It all begins, though, when the pianist strikes the keys. That’s why Bennett Piano Movers expertise is so important. They take care to protect each and every part during the piano move to ensure the sound stays pure.

As part of Bennett Piano Movers continuing effort to serve and inform the community in Atlanta and surrounding areas, we present a brief history of the key, that wonderful sound we love.

Piano enthusiasts are no doubt familiar with the phrase “tickling the ivories.” There was a time when this was an apt description of piano playing.

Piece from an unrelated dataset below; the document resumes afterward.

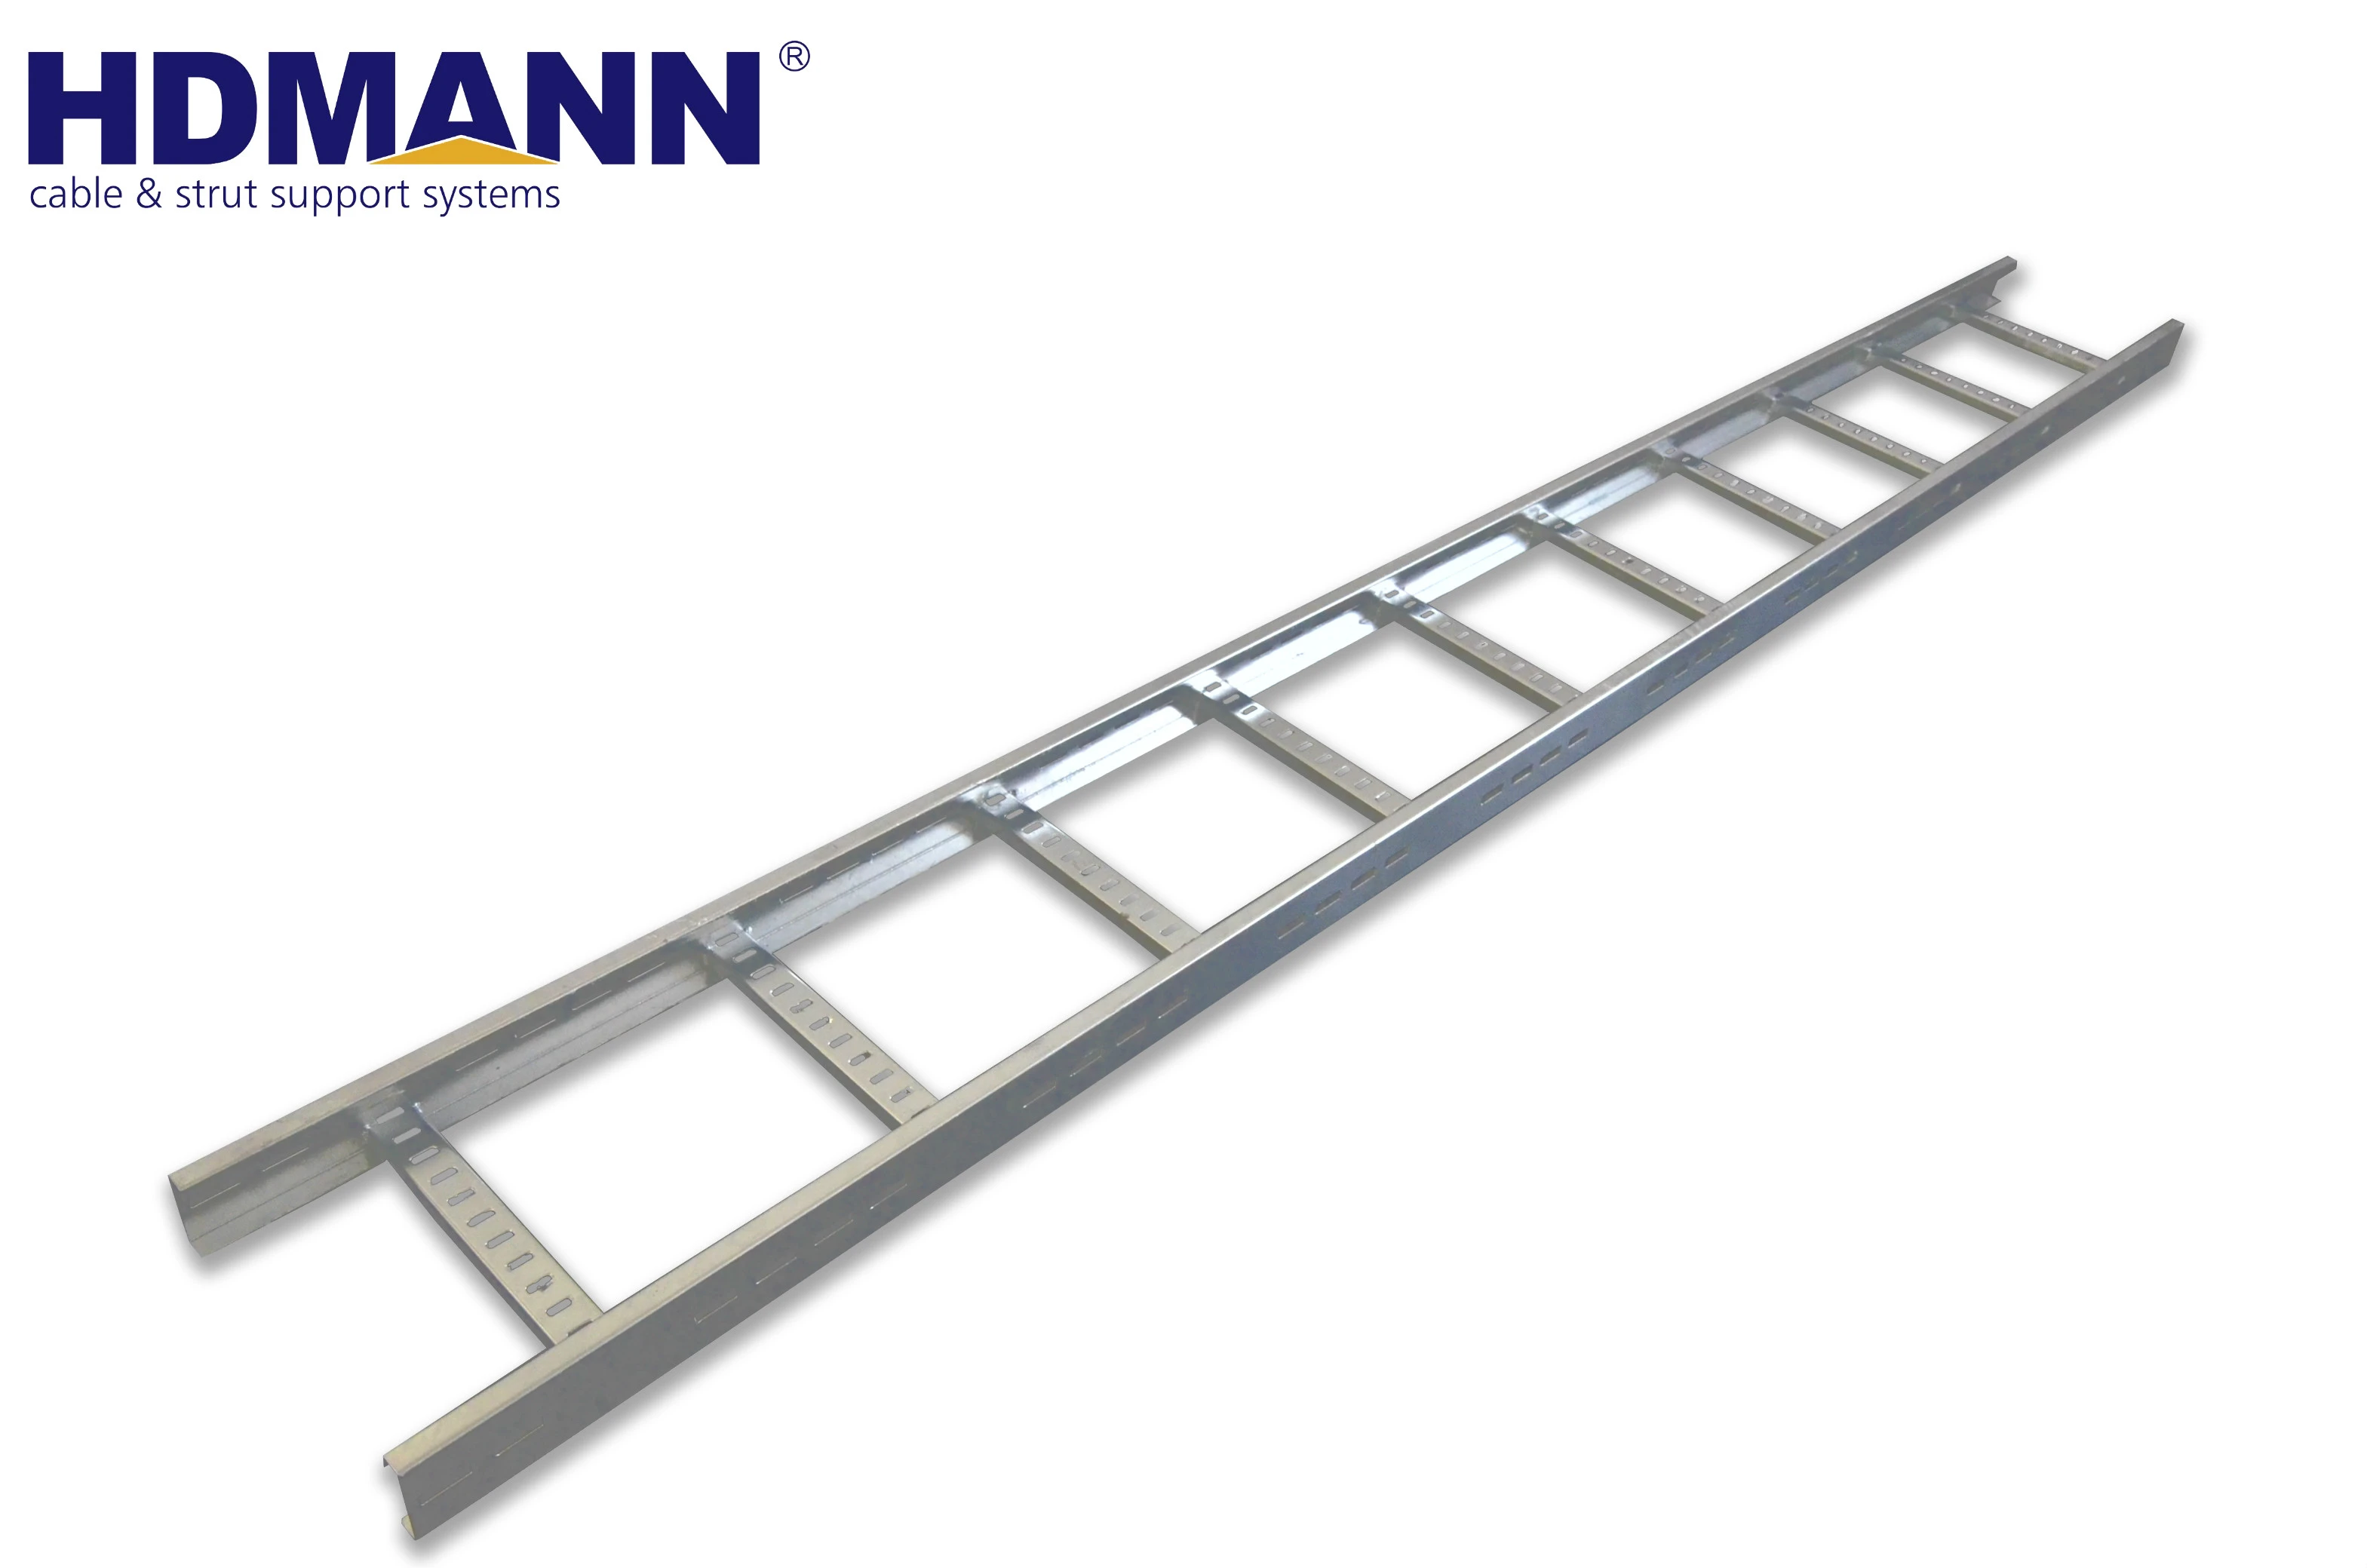 HDMANN SS316 Marine Ladder Type Cable Tray Cable Ladder Price
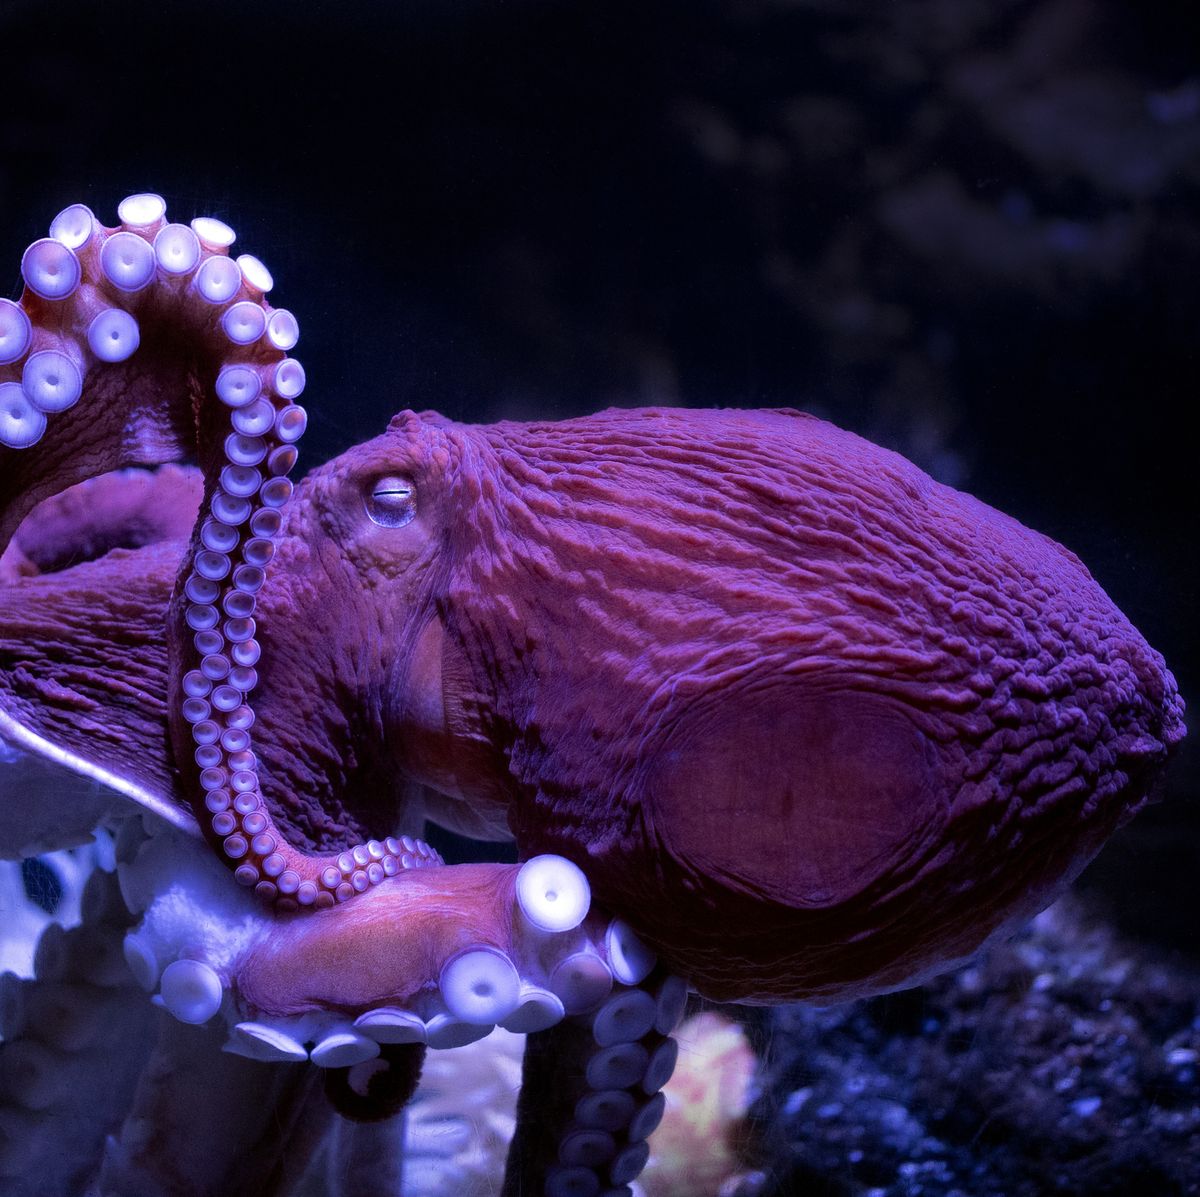 7 Incredible Octopus Facts That'll Make You Love Cephalopods

Beginning around 1700, ivory was one of the more popular materials used for key coverings. Other popular key coverings were made from bone, mother-of-pearl, porcelain, silver, ebony, and other rare woods. But from 1959 on, plastic acrylic has been the most common covering for both black and white keys.

Keyboard players were called organ beaters.This image shows a total of six men that were used to play the first organs. Organ Beaters

Organ Beaters

Before pianists were tickling the ivories, though, they were called “organ beaters,” due to the physical strength it took to push even one of the keys. To understand the journey from beating the organ to tickling the ivories, one must first learn the history of piano keys.

Klavier is the German word for any keyboard instrument, and it is derived from the Latin word “clavis,” meaning key. The earliest organs marked the keys with the pitch. These markings were translated into letters called “clavis.”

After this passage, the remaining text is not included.